A rare, but potentially devastating complication of iatrogenic CSF leakage is entrapment and incarceration of nerve roots at the site of the dura defect [3, 5, 79, 13]. This can cause irreversible nerve damage through strangulation and may lead to permanent neurological deficit [3]. So far, only nine cases of nerve root entrapment into an iatrogenic pseudomeningocele have been described. In only one of these cases, MRI was available to preoperatively establish the diagnosis [9]. All cases were re-operated, which resulted in complete recovery in six cases.

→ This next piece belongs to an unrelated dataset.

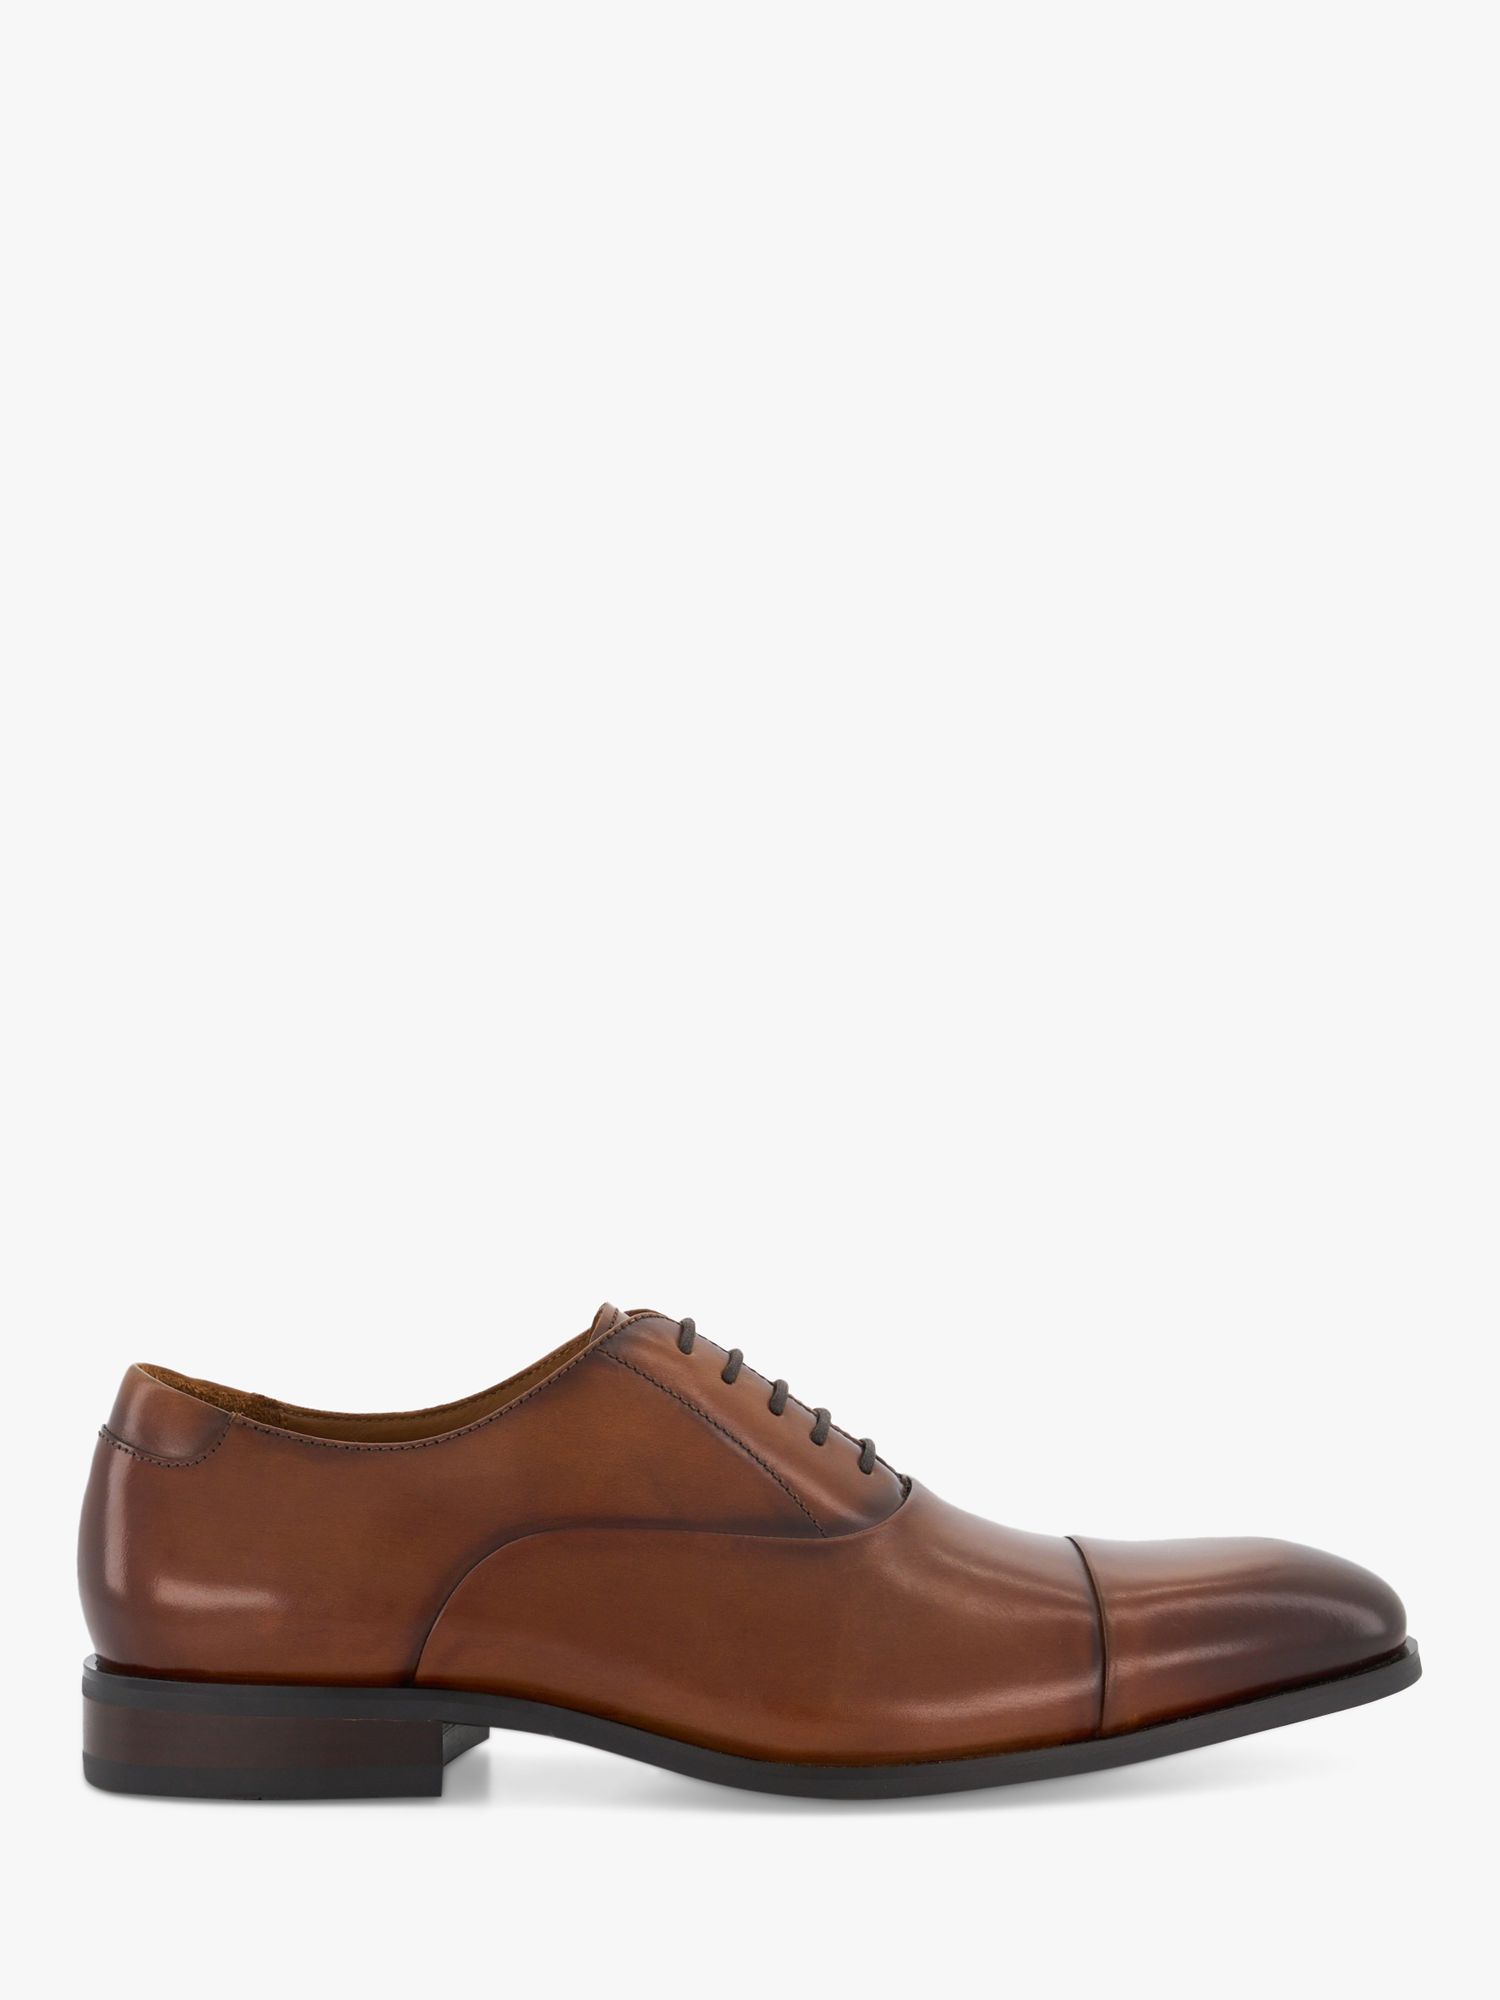 Tommy Hilfiger Jacob Leather Derby Shoes in Tan

In three patients, transdural nerve root herniation resulted in permanent neurological deficit. Typically, on re-operation herniated nerve roots were replaced intradurally and the dura was closed, either primarily or with a dura graft (Table 1 for details).

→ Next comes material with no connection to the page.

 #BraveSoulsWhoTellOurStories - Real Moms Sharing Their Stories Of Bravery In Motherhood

Table 1 Data of nine cases of nerve root herniation into iatrogenic pseudomeningocele

Transdural herniation and entrapment of cauda equina fibers into a pseudomeningocele has not been reported before in the literature. In our present case, incarceration of the cauda equina fibers developed 3 months after operation. Eight weeks postoperative, this patient noticed a subcutaneous swelling. Four weeks later, during an episode of coughing and sneezing, sudden radicular pain occurred in the right leg and progressive pain in his tailbone. The pain became worse, and also problems with micturition occurred. It is most likely that the dura defect initially was plugged with cauda equine fibers. A sudden increase of intrathecal pressure during coughing and sneezing caused herniation of the cauda fibers and entrapment into the relatively small dura defect. Entrapment resulted in venous congestion of (part of) the nerve roots and caused incarceration (Fig. 3). This case underlines the importance of meticulous dura closure, especially in the light of potentially permanent neurological deficit that can be caused by strangulation of neural tissue in the dura defect. As the literature shows, this serious complication can occur many years after the initial surgery. Fortunately, our patient made an excellent recovery after reduction of cauda equina herniation and repair of the dura defect. In case of (acute) new nerve root or cauda equina signs and/or symptoms after spinal (intradural) exploration, the clinician should be aware of the possible existence of transdural nerve fiber entrapment. MR imaging is the technique of first choice to detect this rare, treatable, but potentially devastating complication of incomplete spinal dura closure.